K92 Mining (TSX: KNT) announced on Wednesday it has entered into two separate credit facilities with Trafigura that replace and expand on its September 2023 loan from the commodity trader.
The base amount of the loan facility has increased from $100 million to $120 million, with an accordion feature to increase the maximum amount to $150 million. The conditions precedent for advance of the first $100 million facility have been satisfied, while the condition for the remaining $20 million is expected to be satisfied later this month.
The new facilities, according to K92, would further bolster its strong financial position. As of the end of Q1 2024, the miner, which operates the Kainantu mine in Papua New Guinea, had $73.4 million in cash and treasury bills and no debt.

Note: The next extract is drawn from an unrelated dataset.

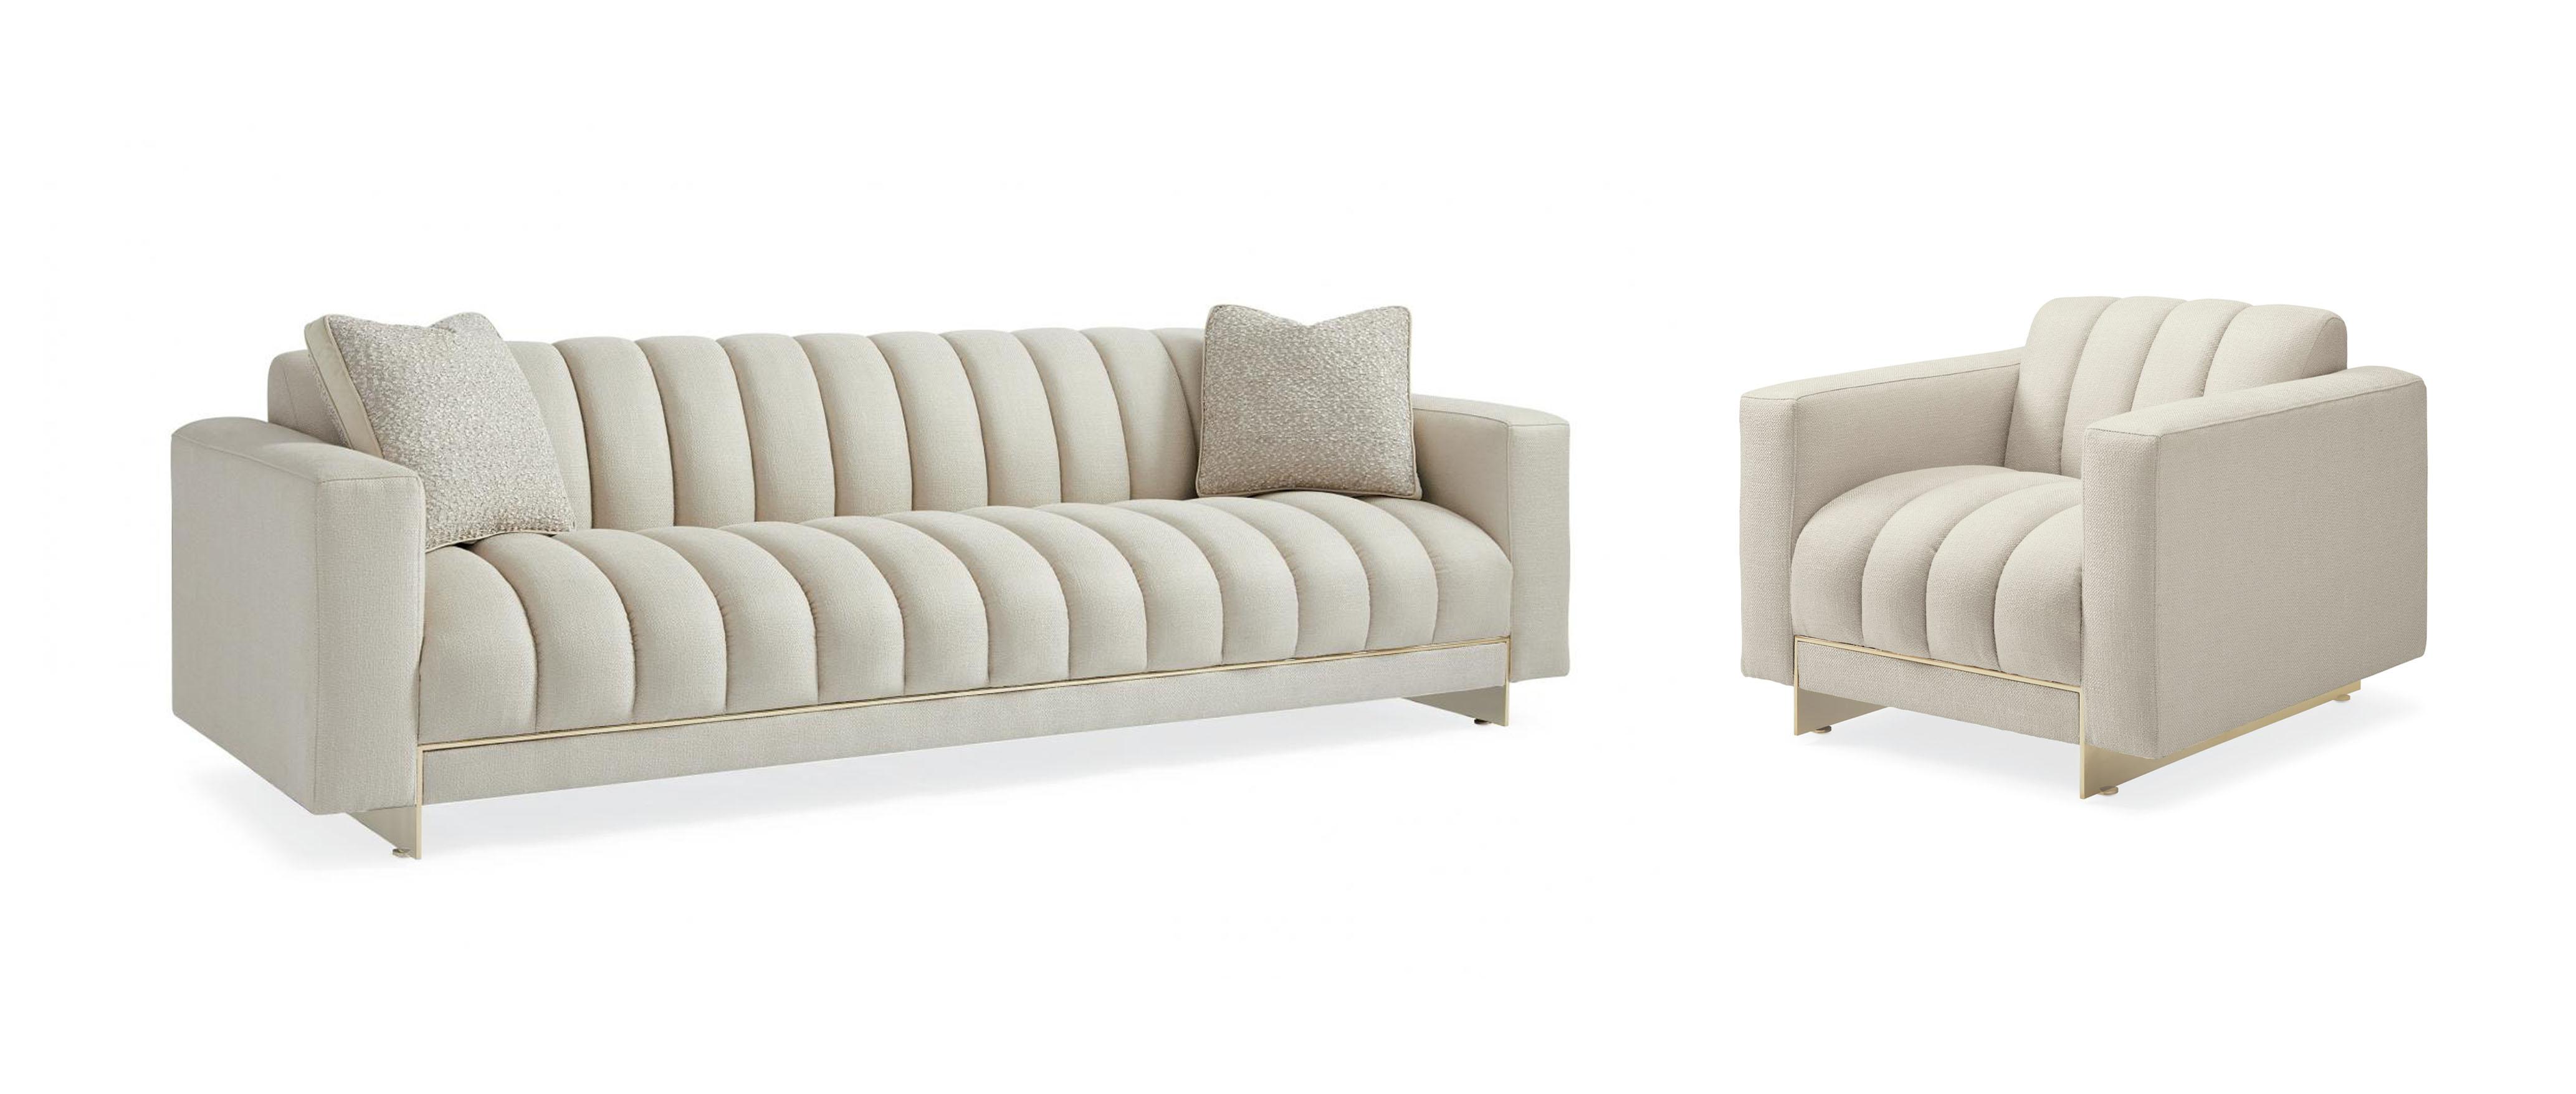 Contemporary Sofa Set THE WELL-BALANCED SOFA / THE WELL BALANCED CHAIR SGU-017-211-A SGU-017-231-A in Cream Fabric

In addition to the credit facilities, the parties have signed a new offtake agreement, under which Trafigura will buy 100% of K92 PNG’s copper/gold concentrates produced at Kainantu. The new deal again replaces a September 2023 agreement between the parties, which did not come into effect.
The upsized loan, said K92 CEO John Lewins, is “an important financial de-risking milestone” for delivering the Stage 3 and 4 expansions of the Kainantu gold mine and transforming the company into a Tier 1 mid-tier producer.

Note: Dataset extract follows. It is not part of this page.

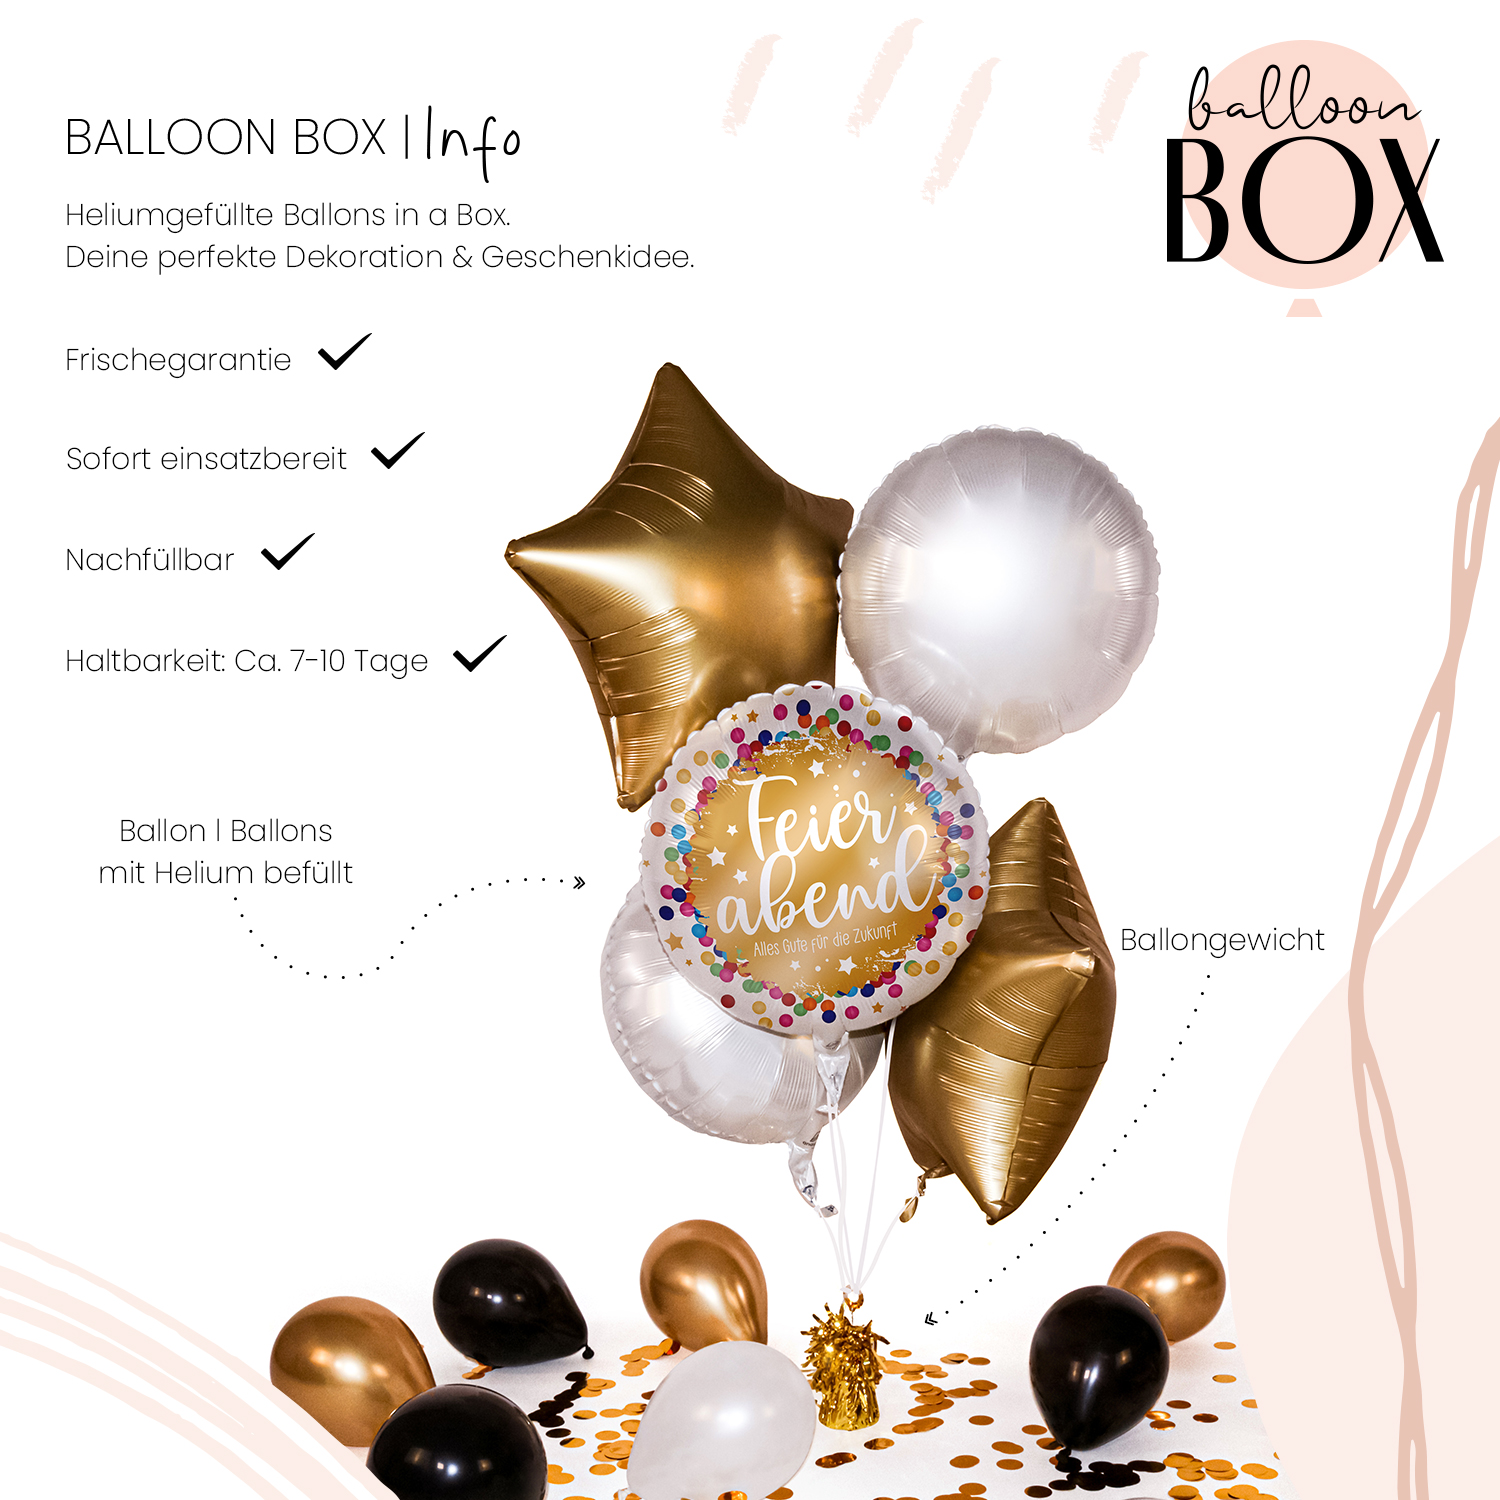 Heliumballon in a Box - Feierabend Konfetti

The Kainantu operation — with a current capacity of 500,000 tonnes per annum (tpa)– is targeted for two more expansions that would see its capacity rise to 1.7 million tpa and mine life extended to 11 years at the final stage.
Annual production from Stages 3 and 4 is expected to reach 290,000 oz. and 470,000 oz. of gold-equivalent respectively, effectively placing K92 on track for Tier 1 production.